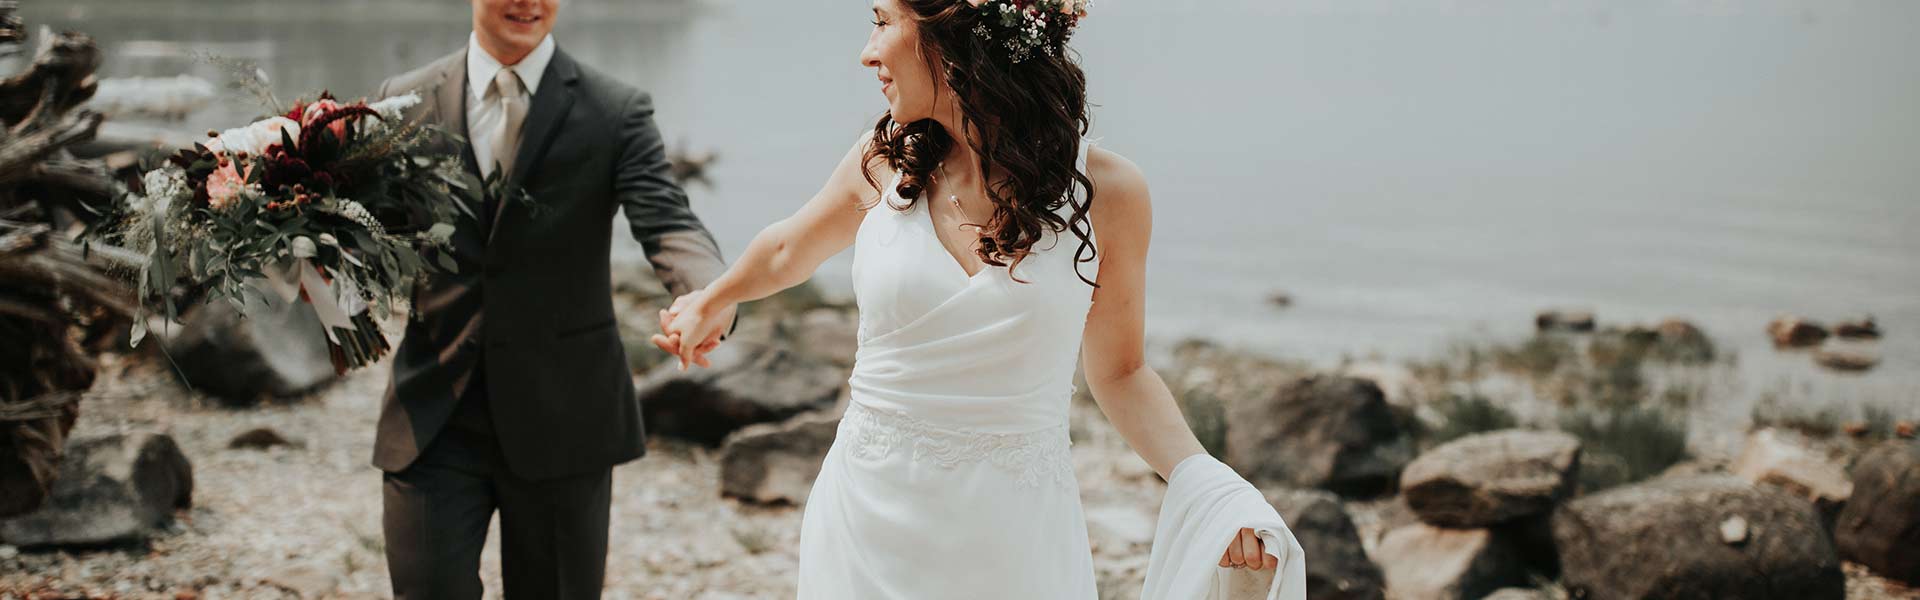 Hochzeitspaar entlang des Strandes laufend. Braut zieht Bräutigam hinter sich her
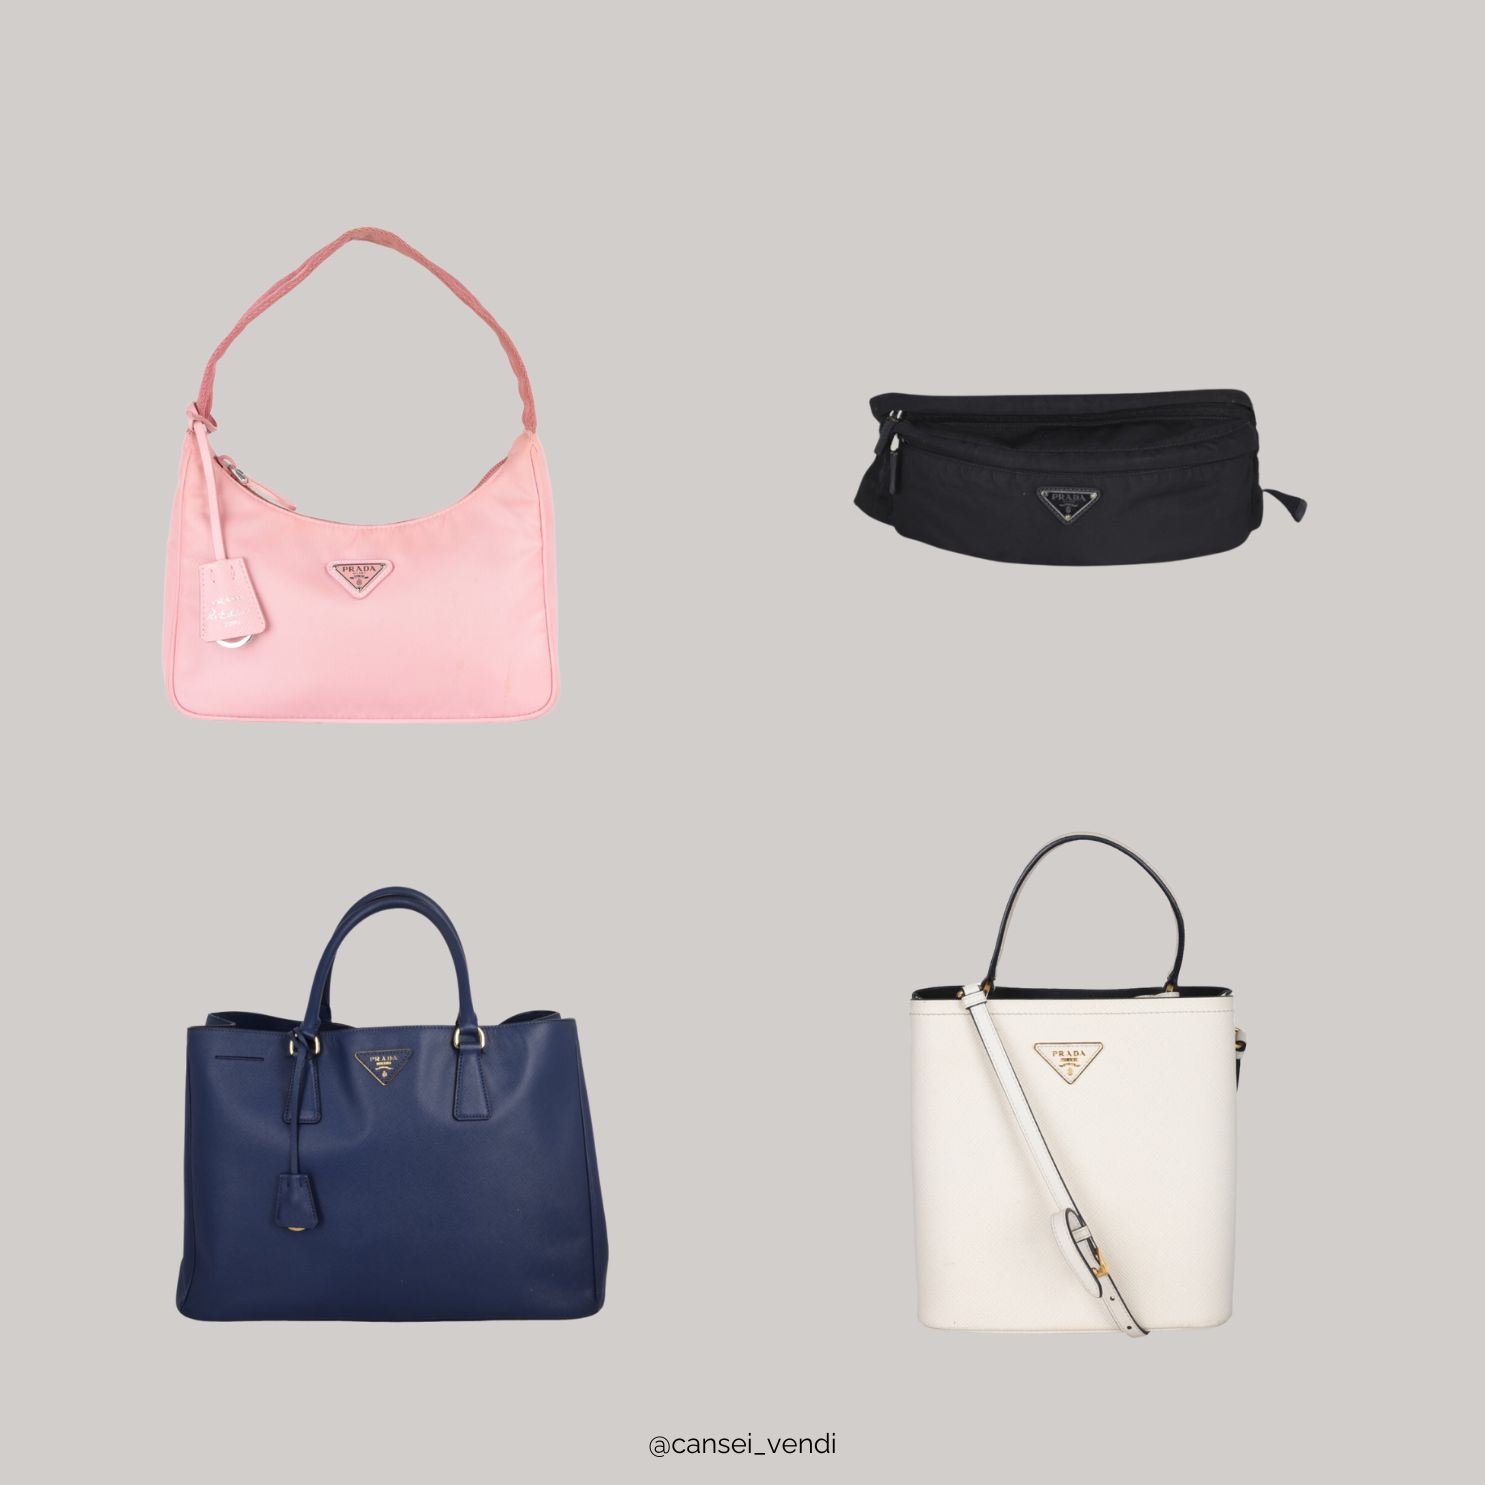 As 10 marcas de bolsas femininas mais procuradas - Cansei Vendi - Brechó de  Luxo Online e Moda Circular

==

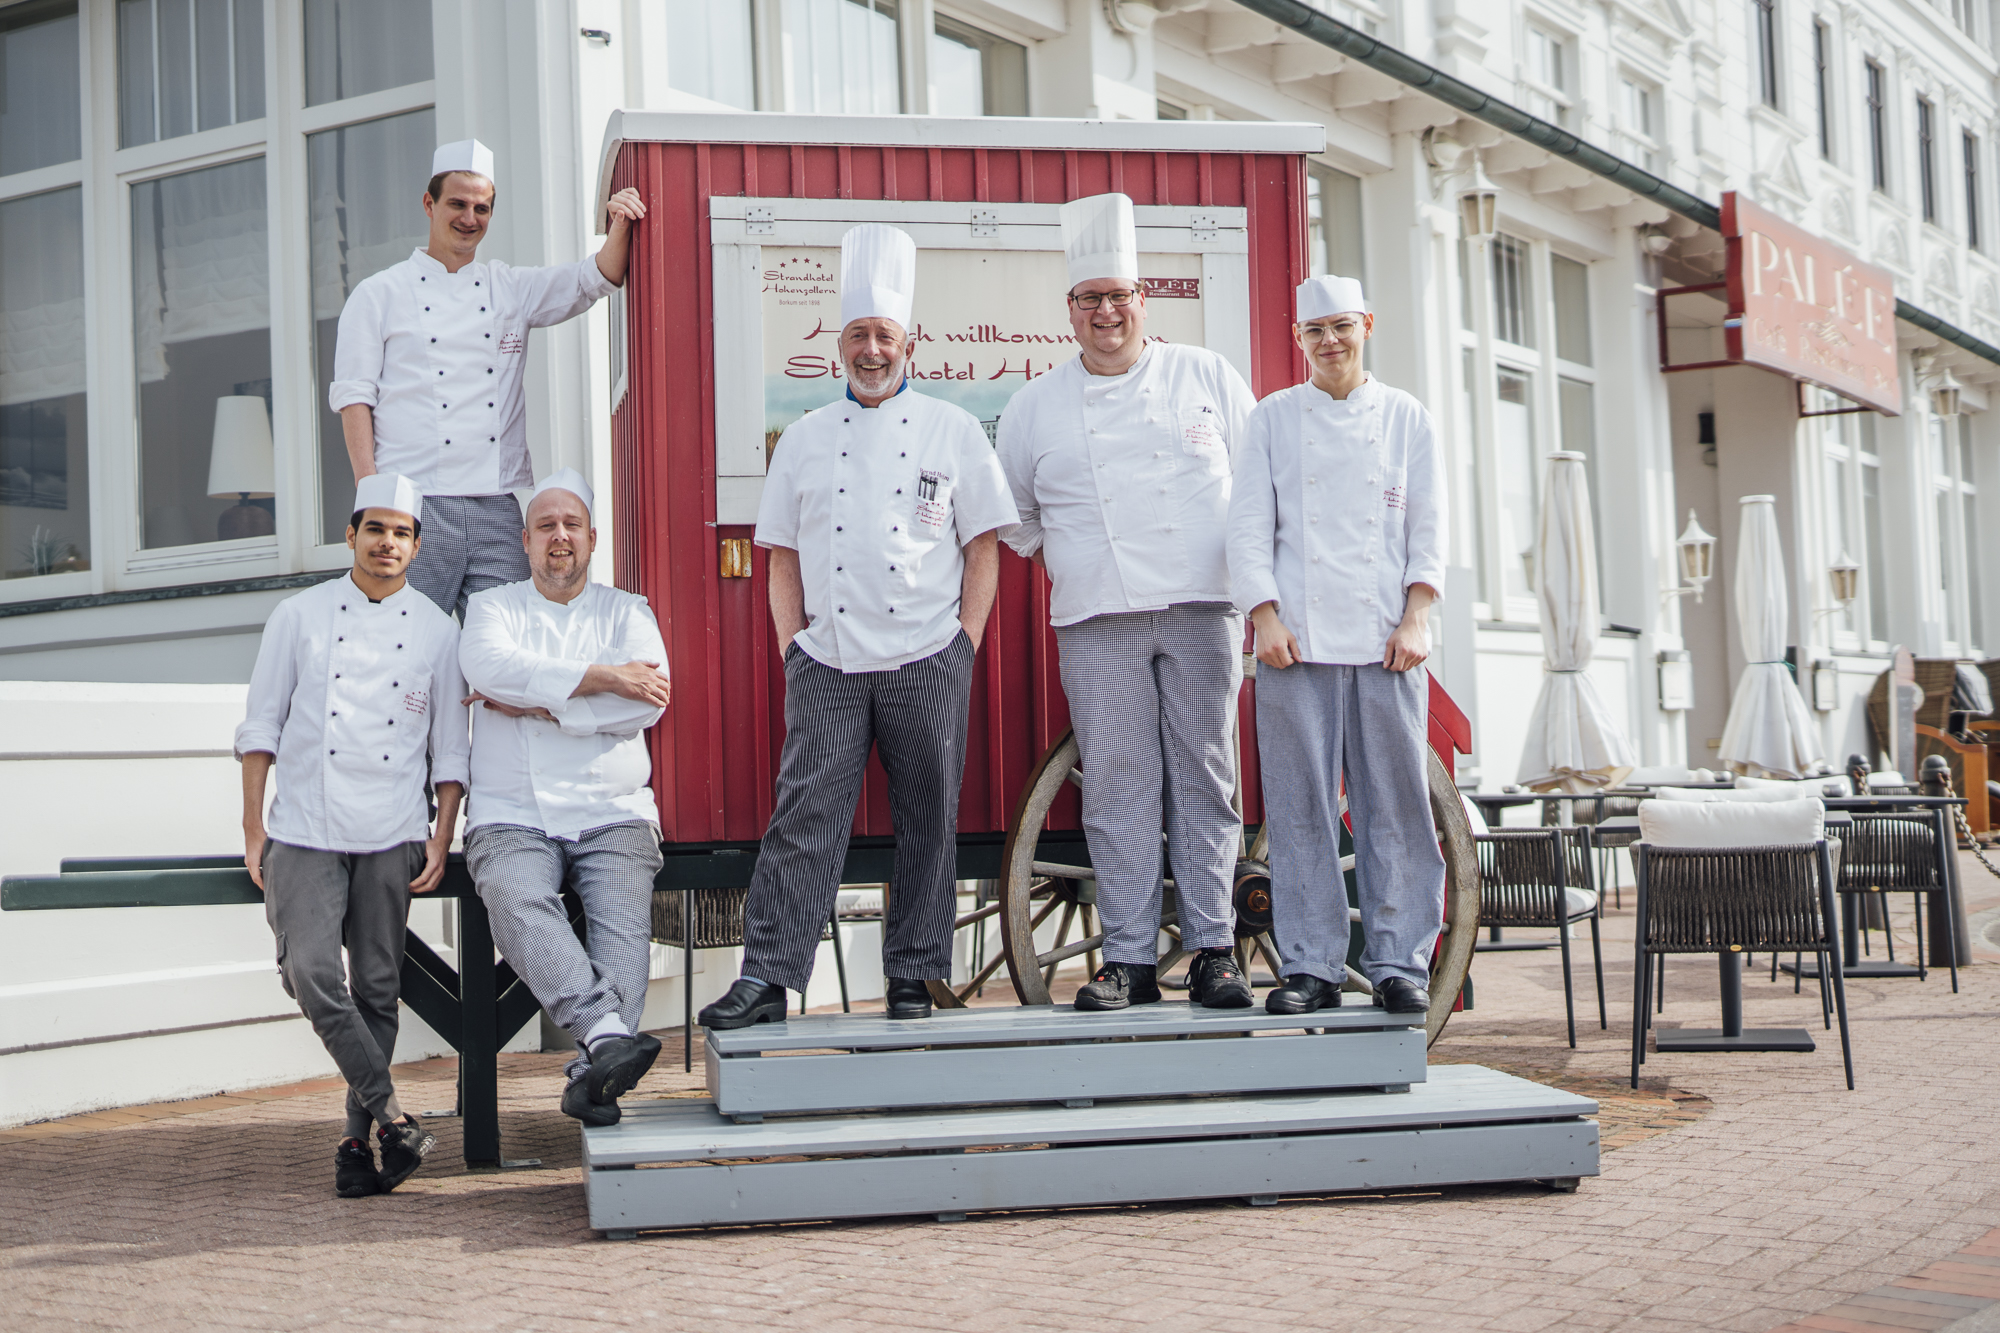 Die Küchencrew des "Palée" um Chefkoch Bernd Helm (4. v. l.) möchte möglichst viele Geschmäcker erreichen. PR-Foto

--

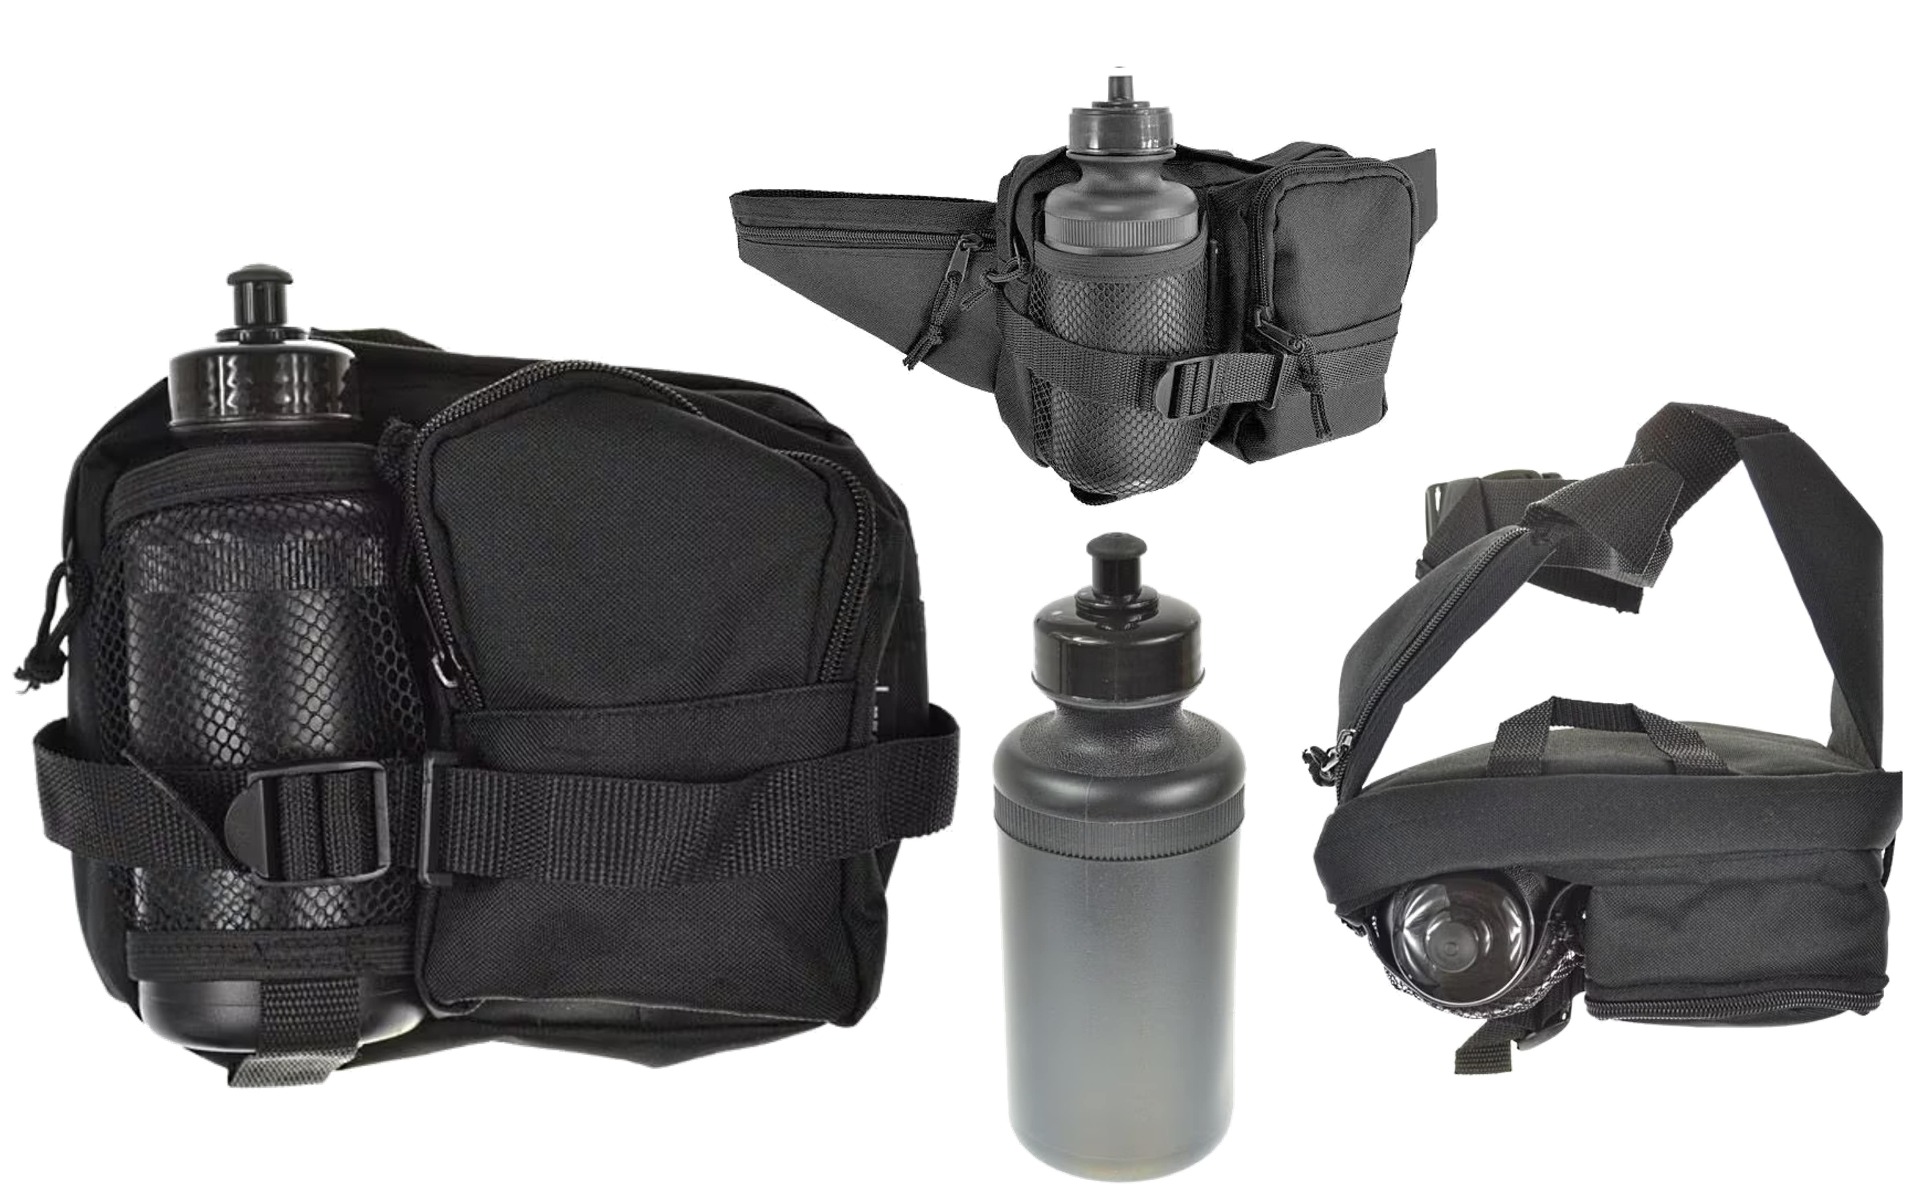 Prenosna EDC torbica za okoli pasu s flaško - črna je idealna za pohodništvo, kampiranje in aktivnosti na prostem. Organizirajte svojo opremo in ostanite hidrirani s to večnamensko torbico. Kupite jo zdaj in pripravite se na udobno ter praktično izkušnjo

EXERCISE: What you write must match the listing exactly, from the line with "Hochzeitspaar entlang des" up to and including the line with "As 10 marcas". Pictures stay out.

ANSWER:
 Hochzeitspaar entlang des Strandes laufend. Braut zieht Bräutigam hinter sich her
 As 10 marcas de bolsas femininas mais procuradas - Cansei Vendi - Brechó de  Luxo Online e Moda Circular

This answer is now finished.